AVAILABLE DATA:
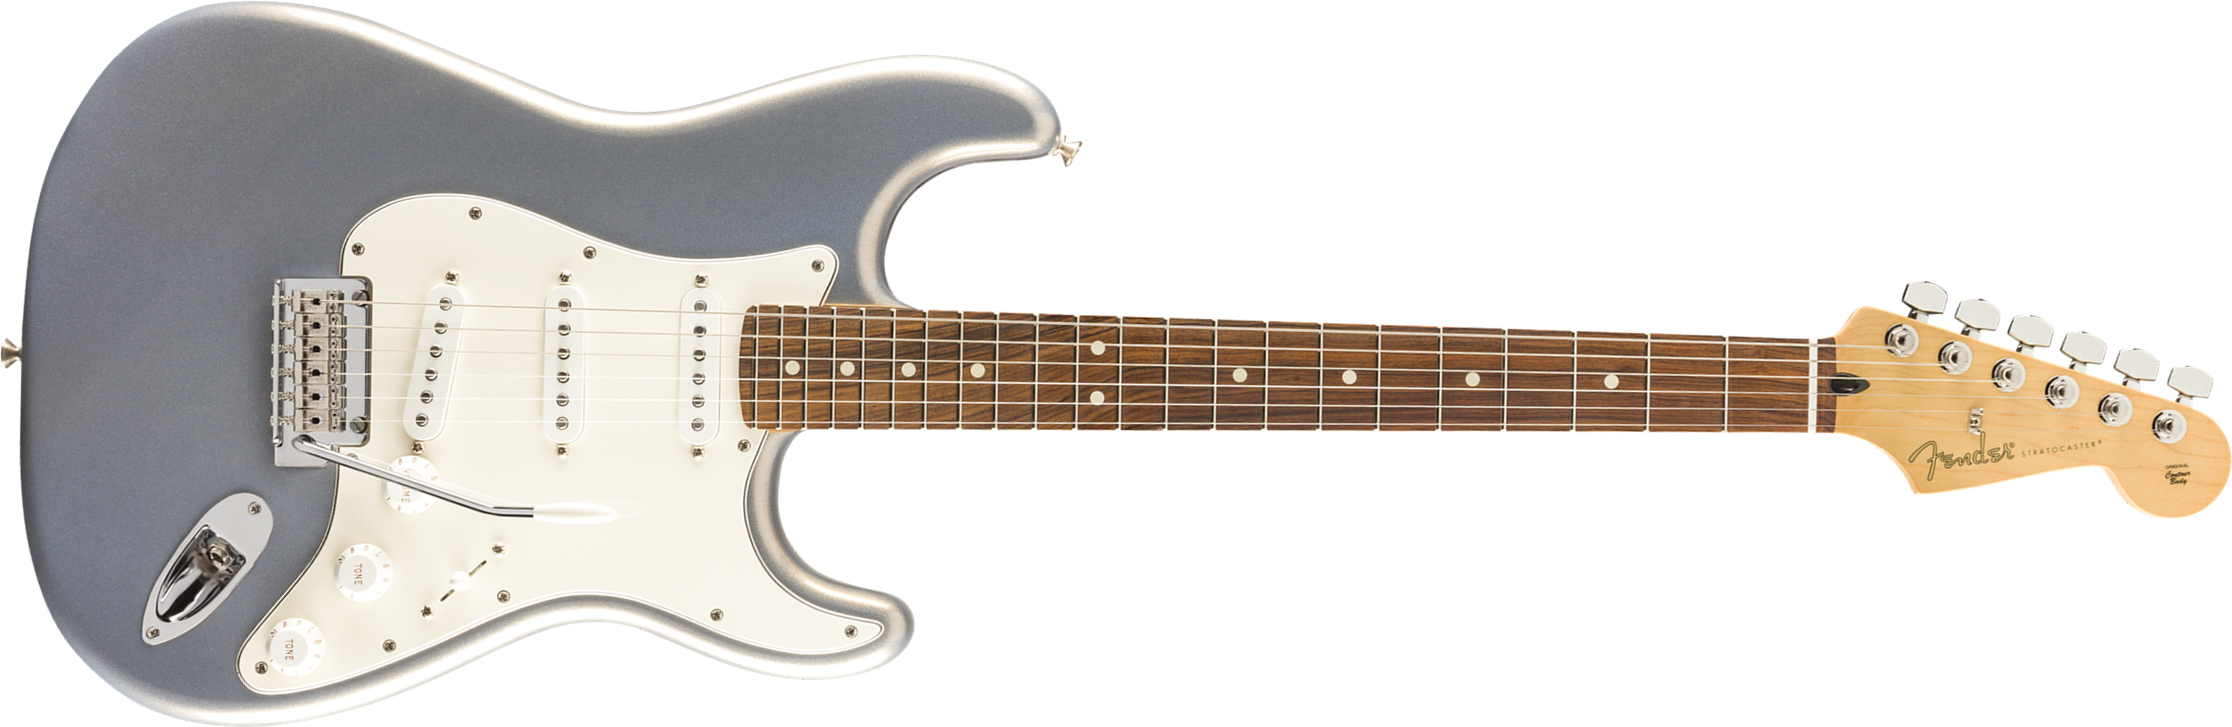 Fender Strat Player Mex 3s Trem Pf - Silver - Str shape electric guitar - Main picture
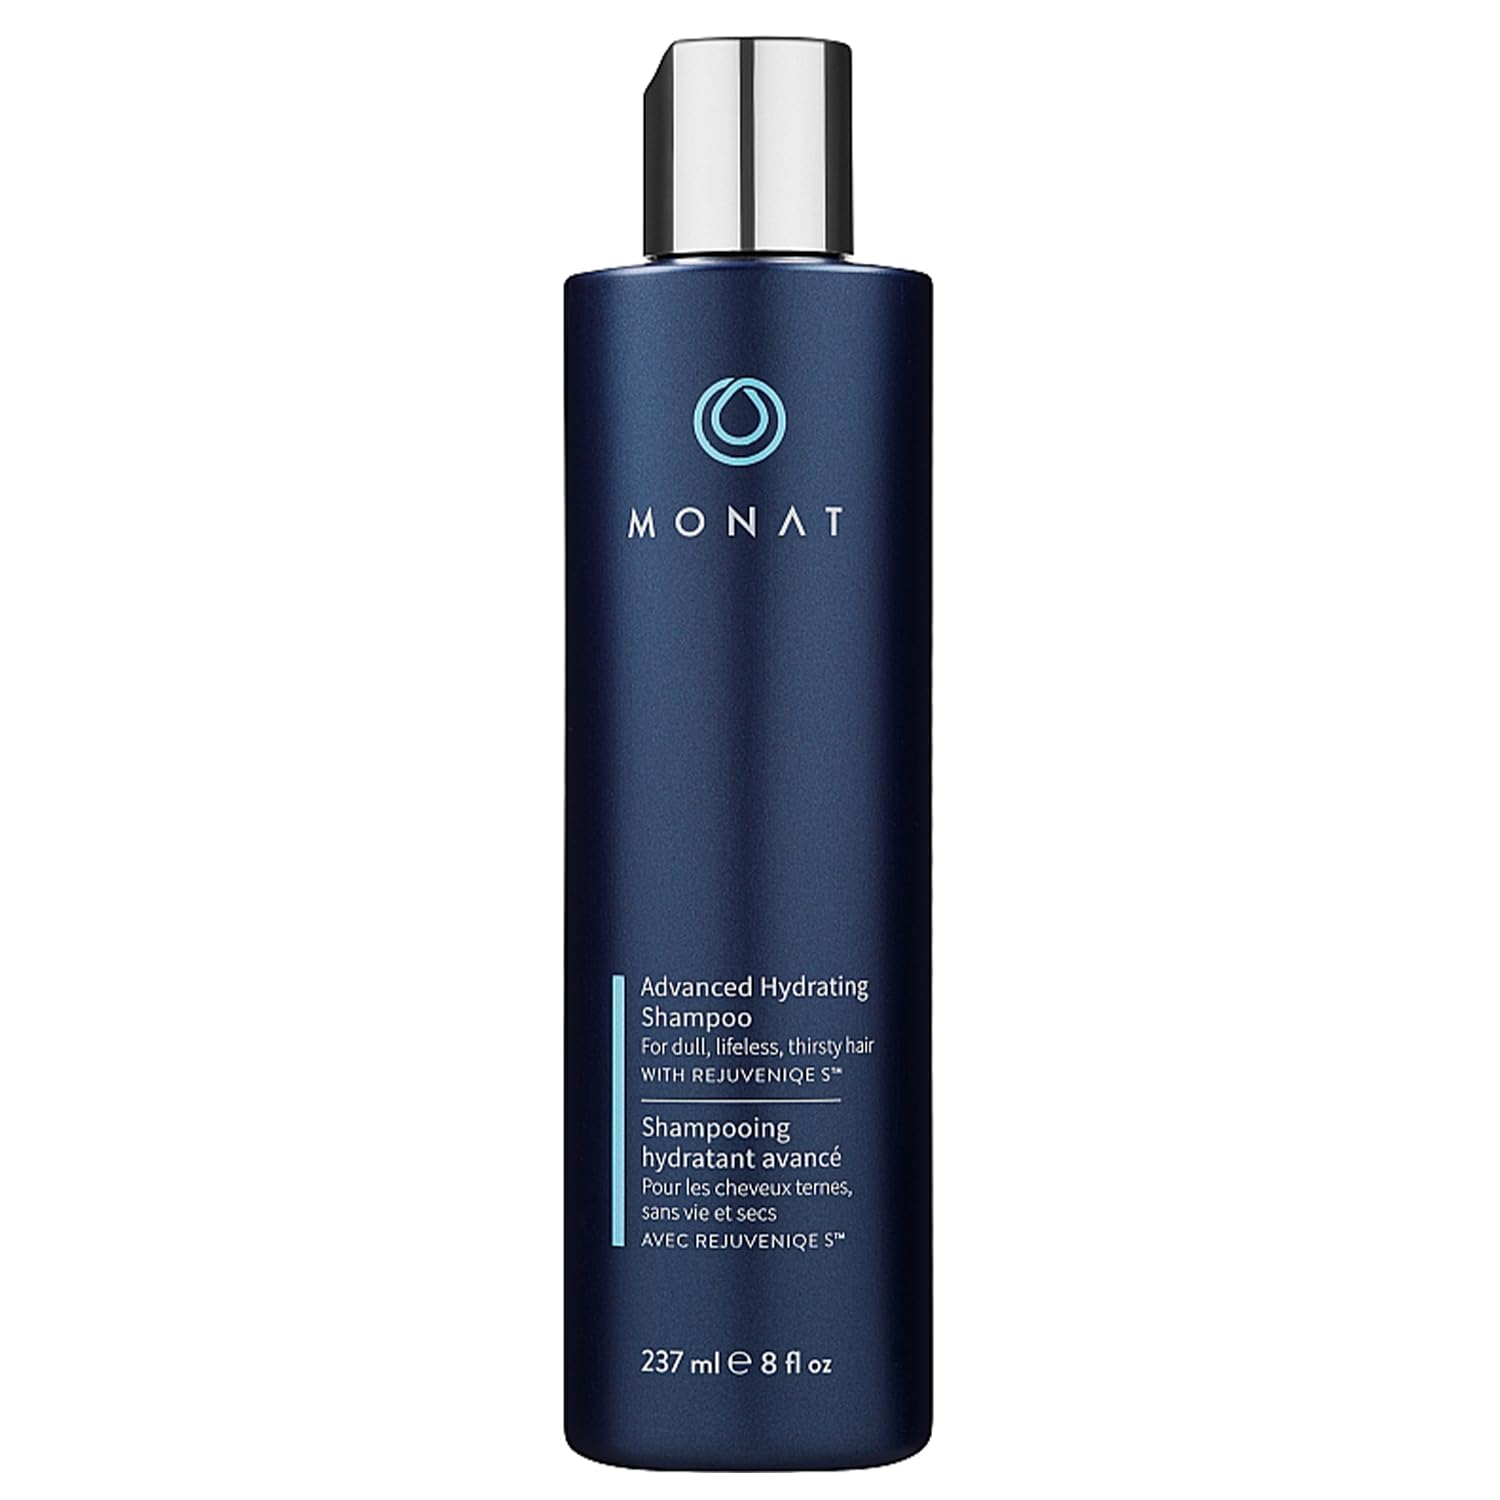 MONAT Advanced Hydrating Shampoo Infused with Rejuveniqe S - Lightweight Hair Shampoo/Moisturizing Shampoo That Nourishes Fine to Medium Hair - Net Wt. 237 ml / 8 fl. oz
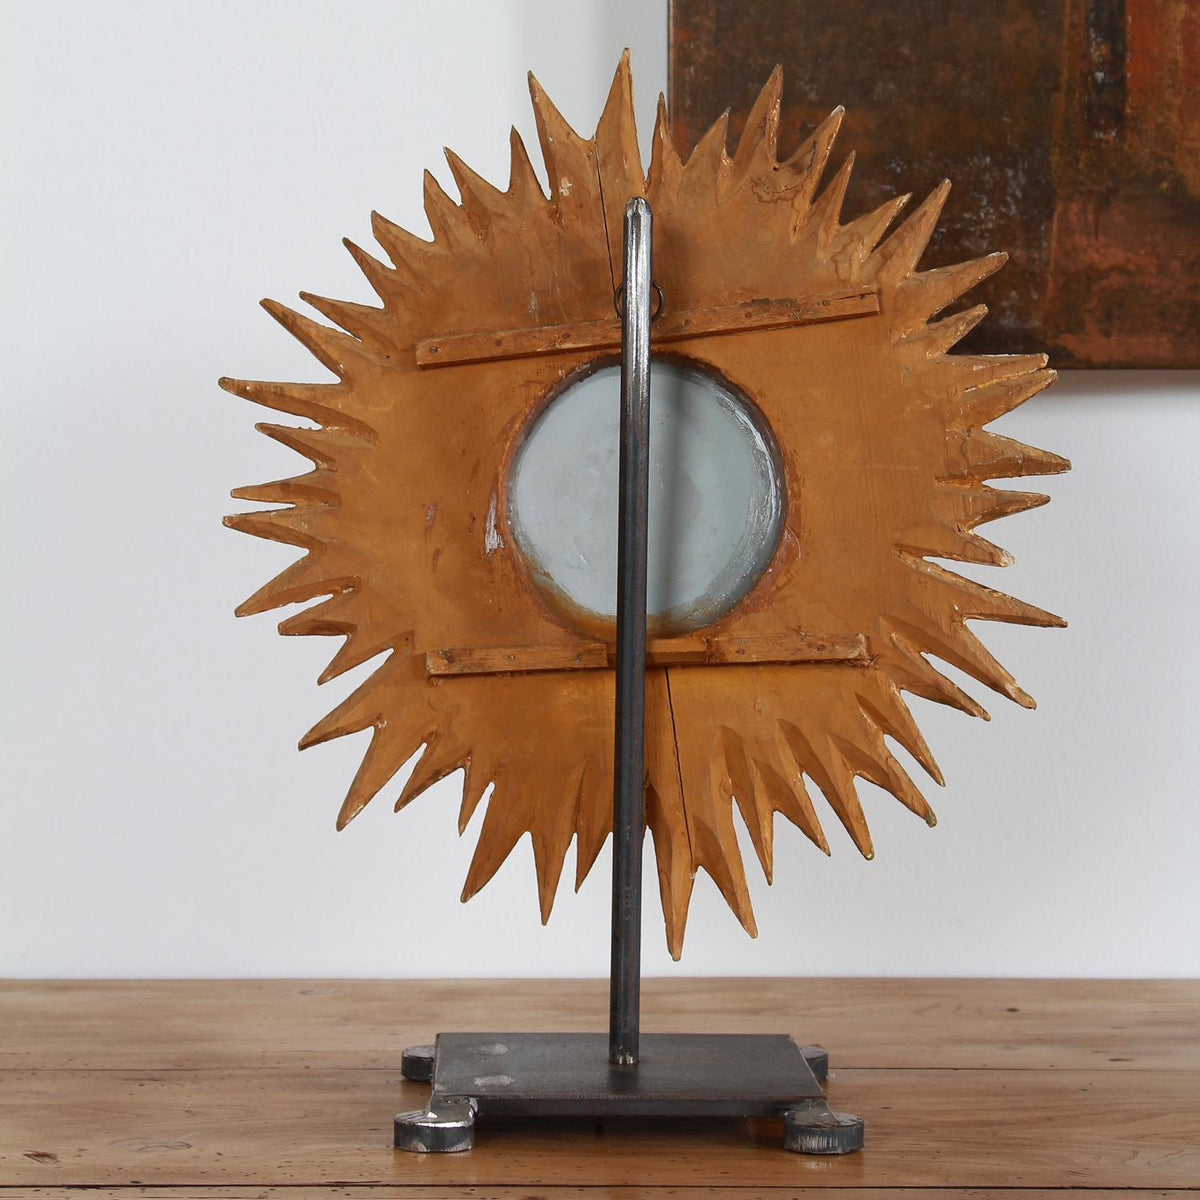 French Sunburst Mirror on Hand Forged Iron Stand

REQUIRED ACTION:
What is needed here is an exact repetition of the listing above, pictures excluded.

RESULT:
 Fender Strat Player Mex 3s Trem Pf - Silver - Str shape electric guitar - Main picture
 MONAT Advanced Hydrating Shampoo Infused with Rejuveniqe S - Lightweight Hair Shampoo/Moisturizing Shampoo That Nourishes Fine to Medium Hair - Net Wt. 237 ml / 8 fl. oz
 French Sunburst Mirror on Hand Forged Iron Stand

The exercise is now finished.